В десять часов из Бостона позвонила Майя. Я покурил марихуаны и выпил последнюю бутылку пива, лежавшую в подвале. Мы обсуждали, как относиться к выздоровлению ее отца – было это чудом или просто удачным стечением обстоятельств?
Доктор Леффлер привез маму домой раньше, чем я ожидал. Хорошо, что она не сразу вышла из машины – они еще обжимались в ней некоторое время. Я как раз успел открыть окна, чтобы проветрить комнату. Потом сбежал вниз, на кухню, за ментоловыми пастилками, чтобы мама не почуяла запаха пива, но никак не мог их найти и вместо этого глотнул чесночной приправы. Все было бы не так плохо, если бы я не проглотил заодно и отвратительный кусок плесени. Когда мама вошла в дом, я ел мороженое, пытаясь заглушить мерзкий привкус у себя во рту.

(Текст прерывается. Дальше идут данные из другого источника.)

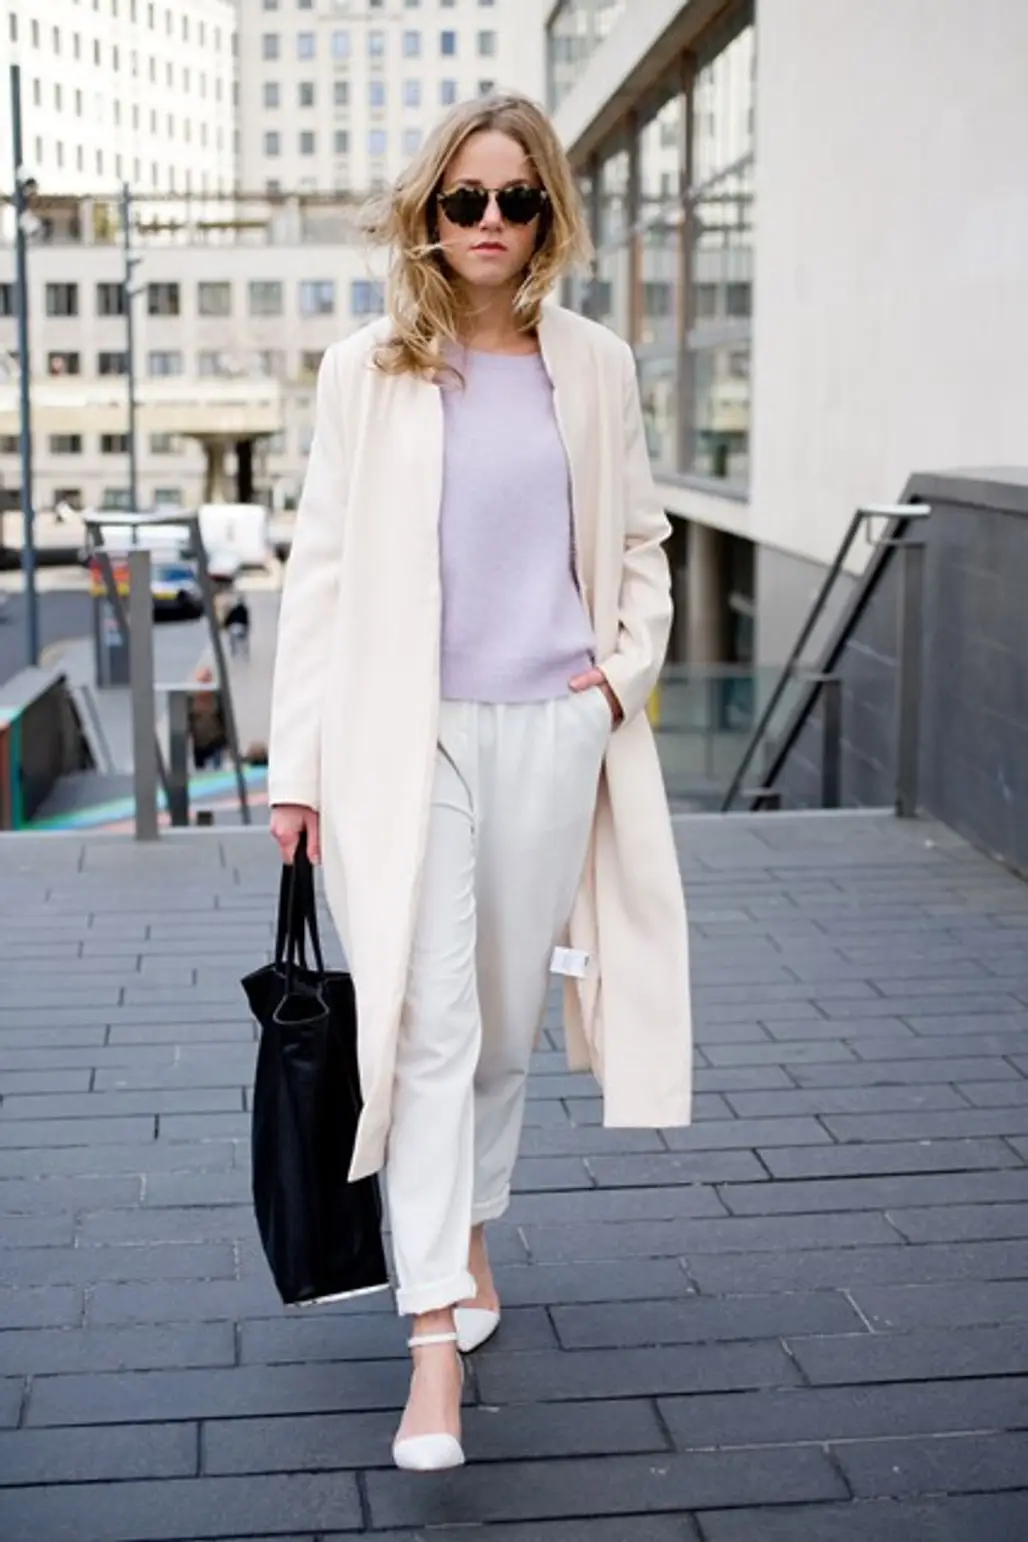 9 Fab Street Style Ways to Wear White Pants

– Финн, я должна перед тобой извиниться. Я же сама требовала, чтобы ты нашел себе работу на лето.
– Принимаю ваши извинения, – ответил я и рыгнул.
Мне было приятно, что она наконец-то хоть за что-то извинилась. Правда, меня тошнило от мороженого, при помощи которого я пытался избавиться от вкуса заплесневелой салатной заправки.

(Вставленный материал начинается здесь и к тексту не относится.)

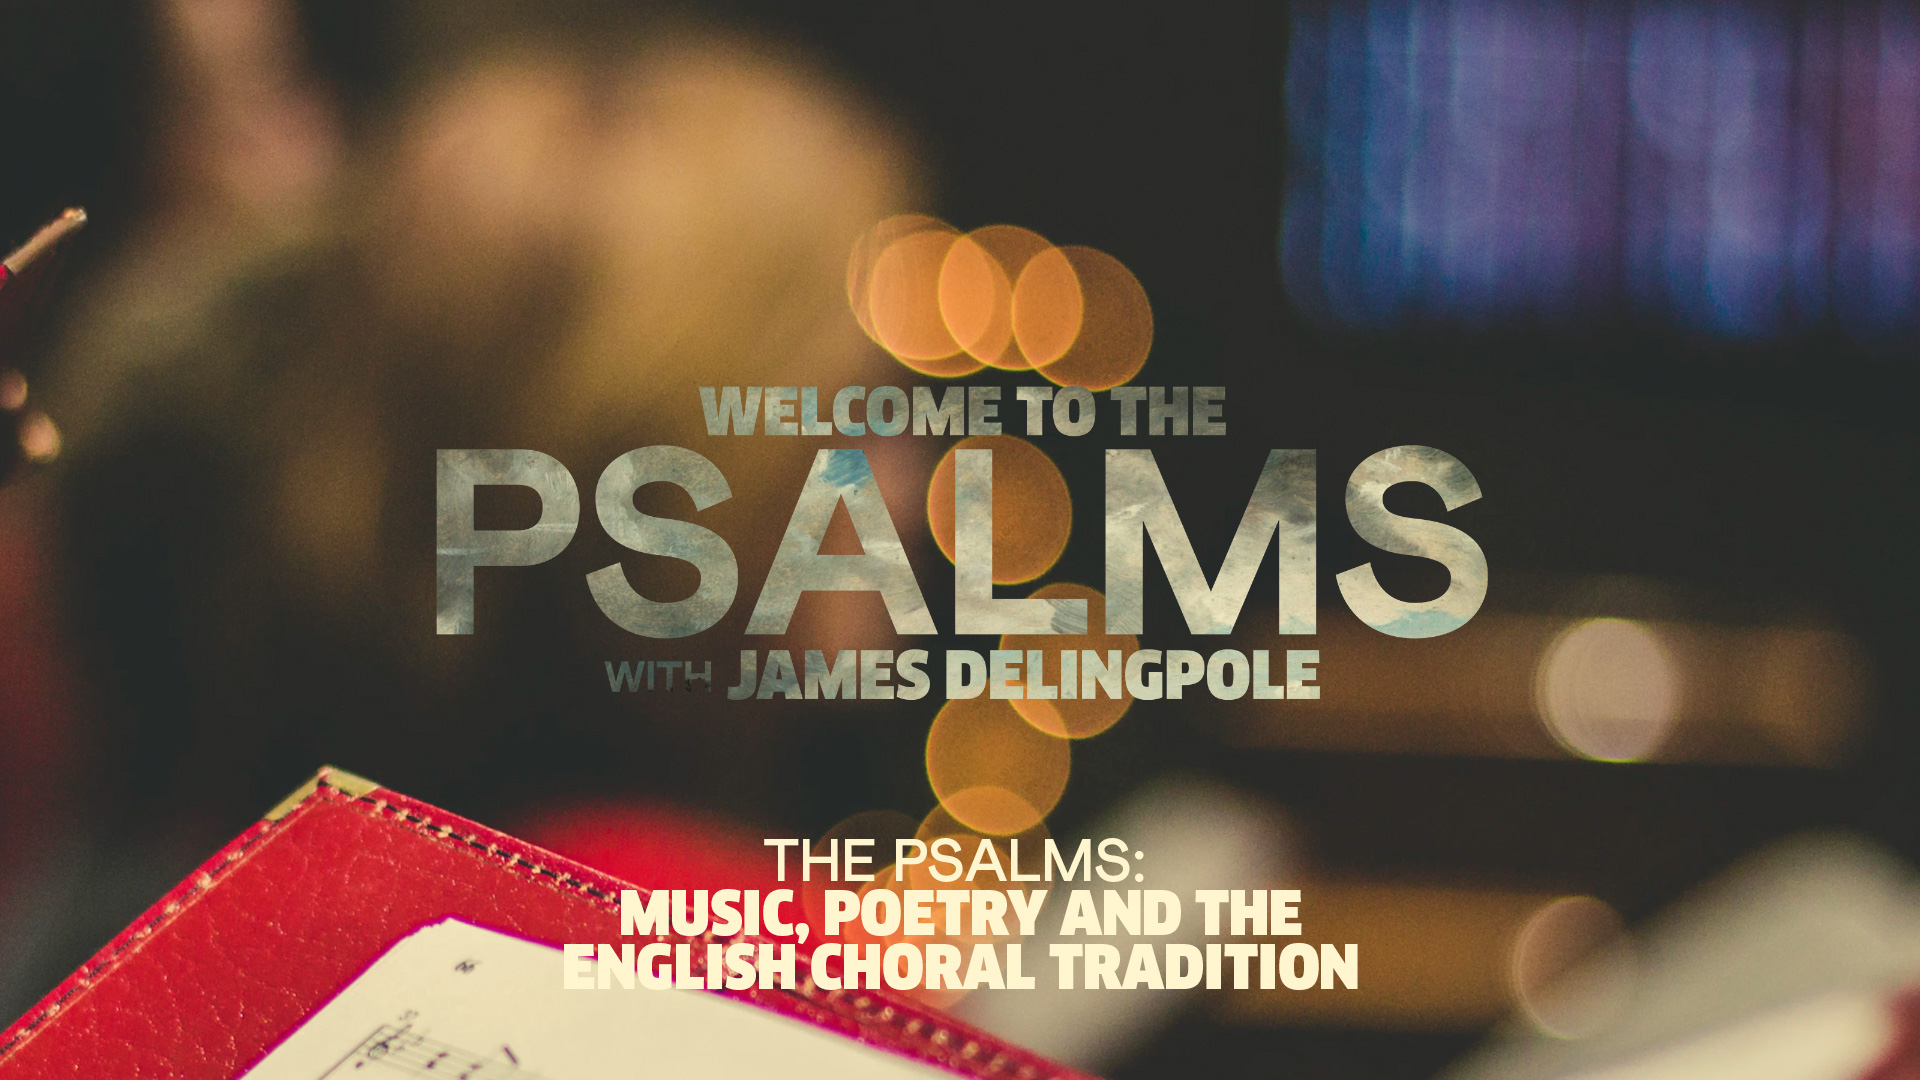 The Psalms
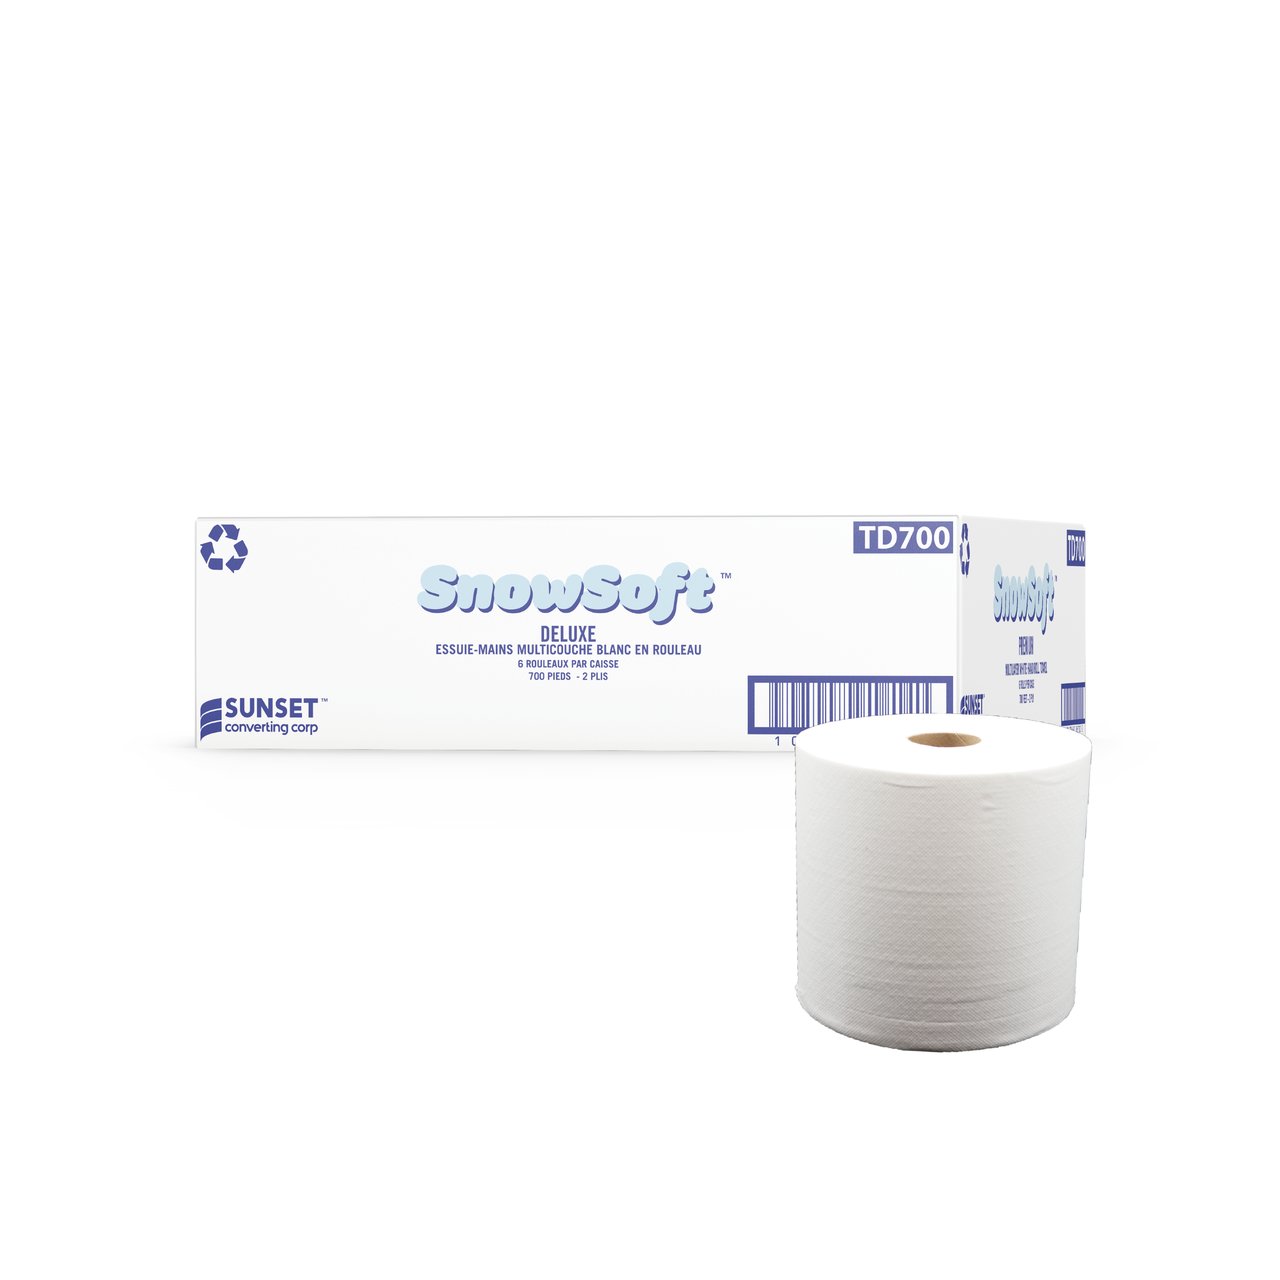 Snow Soft WHITE PAPER TOWEL 7.65x700 /6cs

– Когда я упомянула о том, что мистер Осборн готов взять над тобой шефство, многие просто позеленели от зависти. –
– Хотел бы я, чтобы у меня был повод сказать так про тебя! – Яблочко от яблони недалеко падает.
– Я очень стараюсь, Финн.
– Почему ты не можешь просто быть самой собой?
– Кто бы говорил.
Тут она права, ничего не попишешь.
19
Когда я направлялся к дому Осборна, мама как раз возвращалась от него. Мы помахали друг другу, потому что, если бы мы этого не сделали, нам было бы еще хуже. Мы хорошо знали друг друга, и нам не нравилось, что мы становимся иными людьми.
Подойдя к дому Осборна, я увидел его стоящим во дворе и бросающим монетки в фонтан.
– Загадали какое-то желание?
На голове у него была большая соломенная шляпа. Он был одет в шорты цвета хаки, которые натянул чуть ли не до груди, и сандалии разного цвета. Ножки у него были тоненькими, а живот разбухшим – он был похож на яйцо на ходулях.
– Нет. Просто пытаюсь вспомнить, как я делал это, когда был мальчишкой.
Он взял у садовника грабли и вытащил из фонтана мелочь, которую только что туда бросил. То ли это бережливость, то ли маразм. Одно из двух. Или и то и другое. Трудно сказать.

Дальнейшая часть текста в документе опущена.